GOAL OF THE EXERCISE: The required answer is the data below, restated word for word with images omitted.

COLLECTED DATA:
- - - - - - -

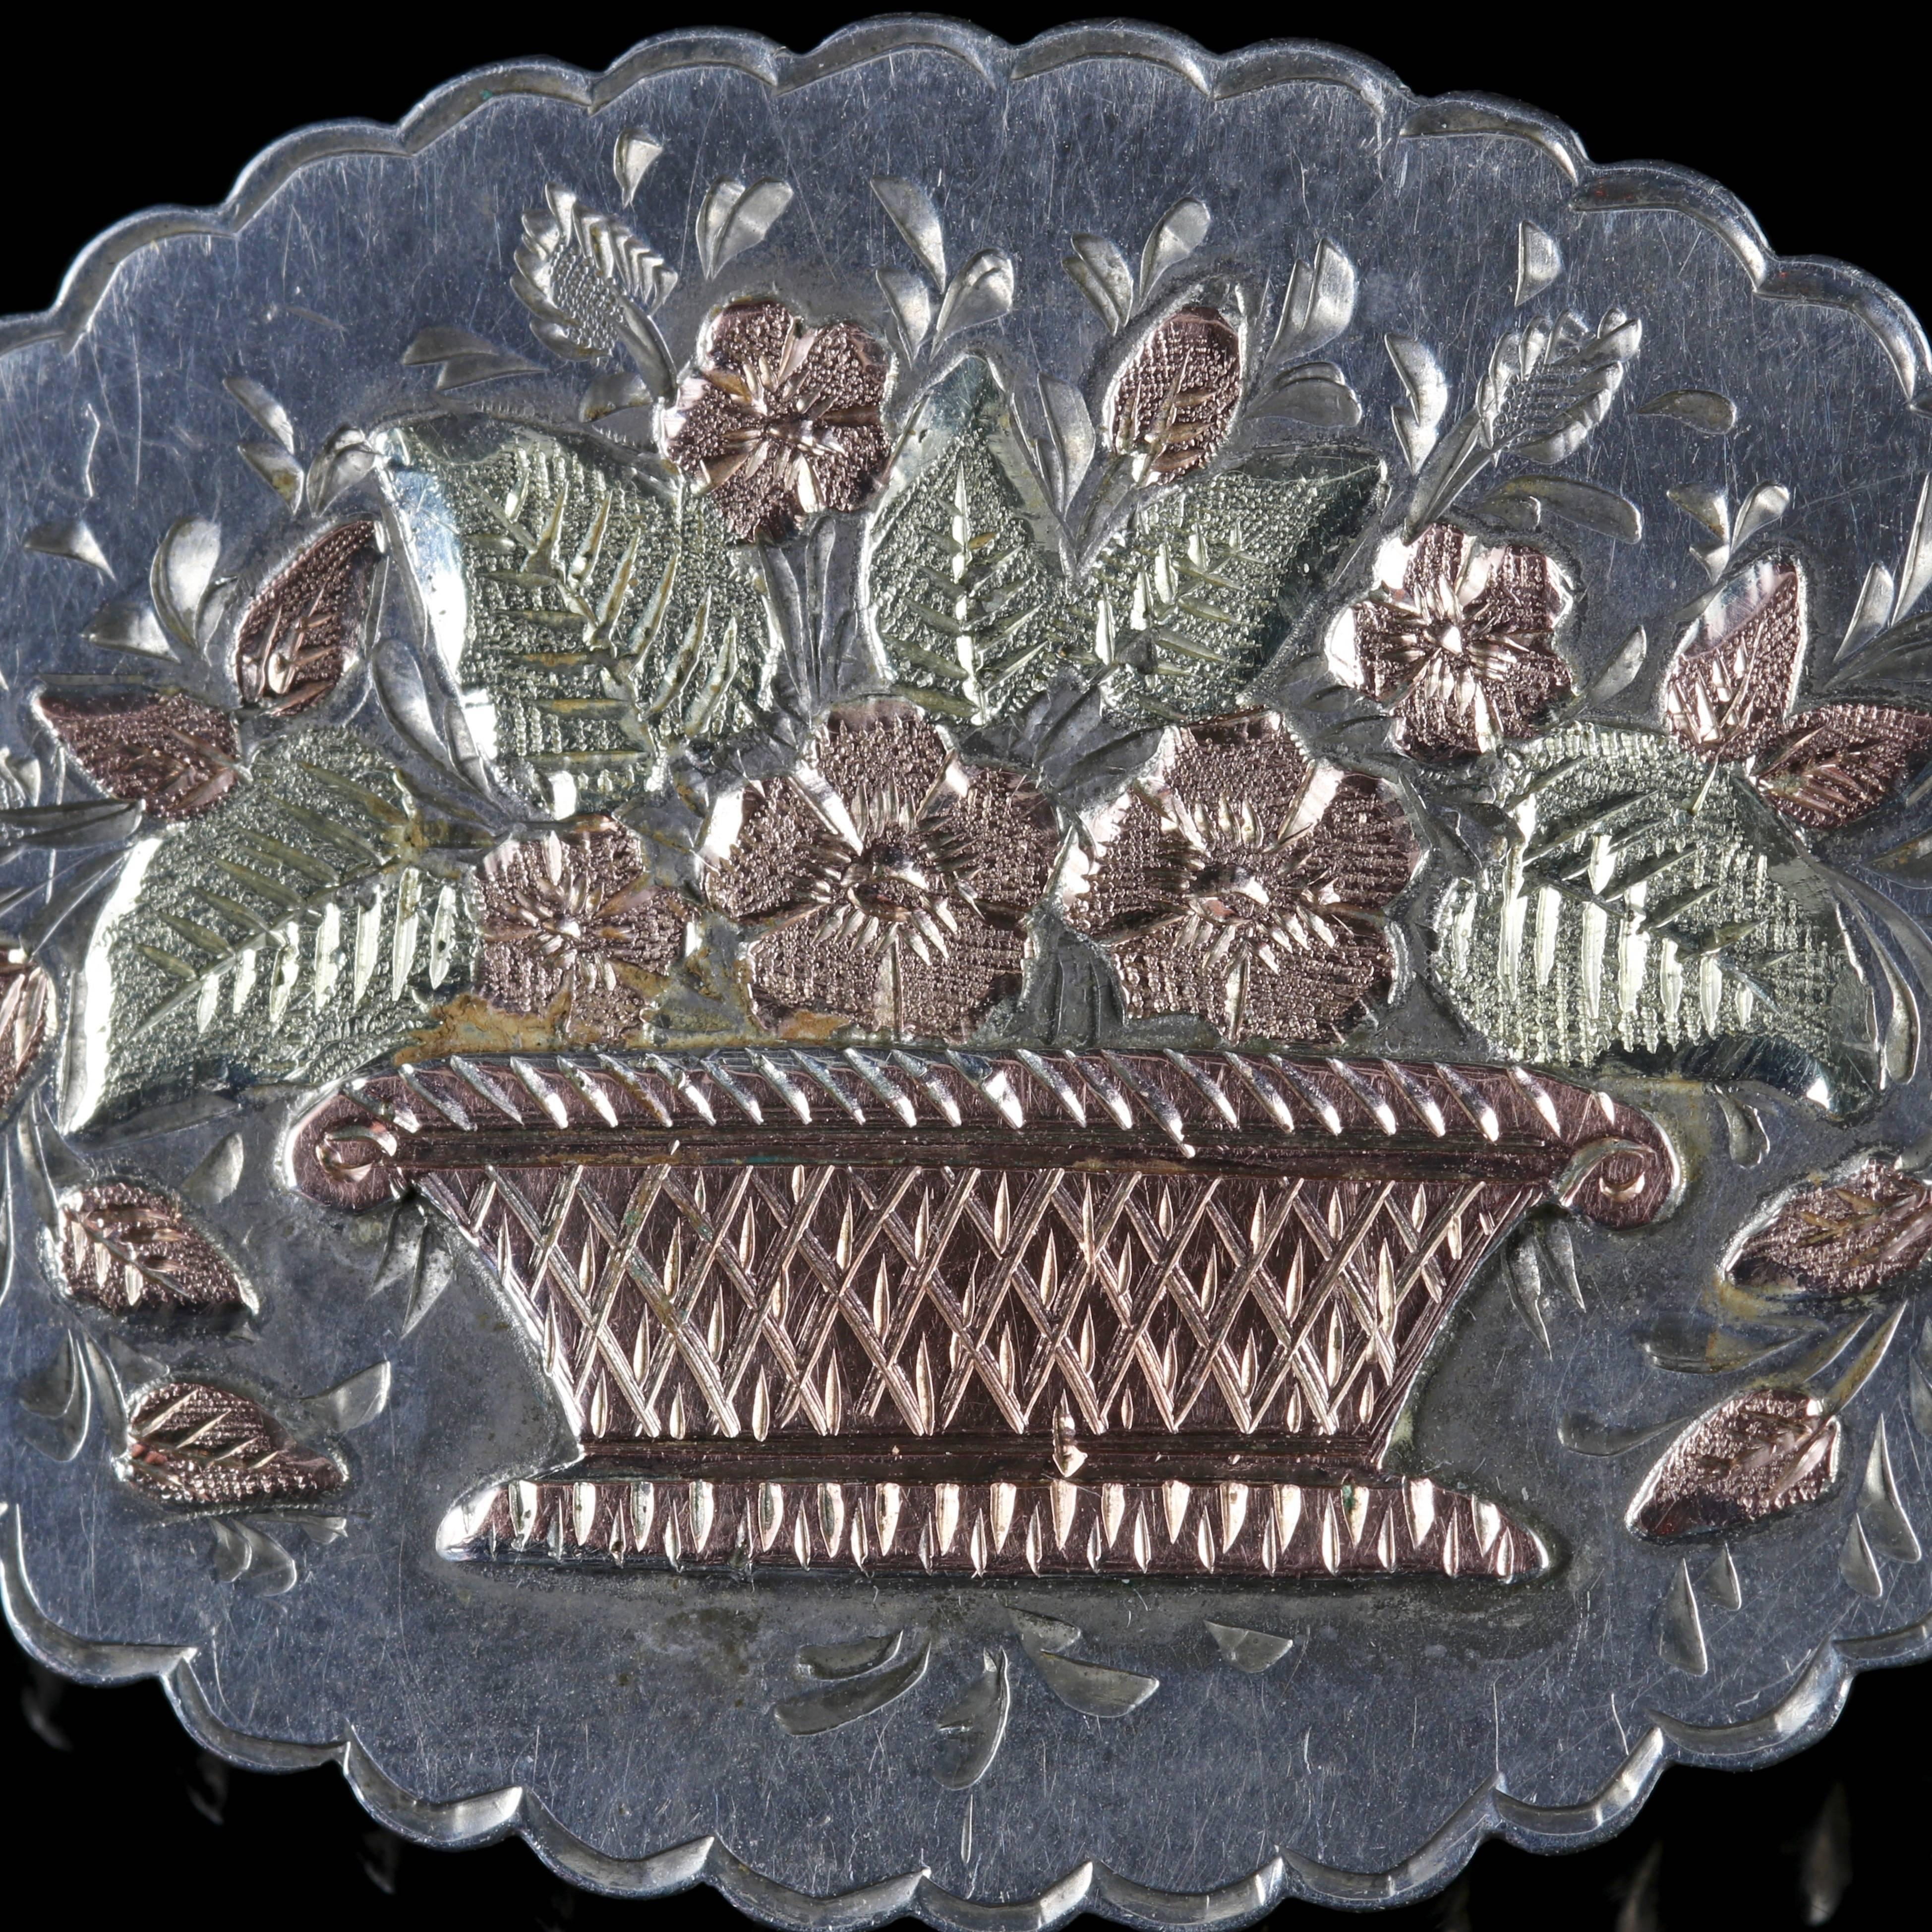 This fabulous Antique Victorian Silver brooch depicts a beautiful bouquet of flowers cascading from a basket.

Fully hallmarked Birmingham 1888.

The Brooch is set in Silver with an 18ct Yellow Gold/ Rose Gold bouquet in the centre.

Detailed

- - - - - - -

SOLVED EXERCISE:
 This fabulous Antique Victorian Silver brooch depicts a beautiful bouquet of flowers cascading from a basket.

Fully hallmarked Birmingham 1888.

The Brooch is set in Silver with an 18ct Yellow Gold/ Rose Gold bouquet in the centre.

Detailed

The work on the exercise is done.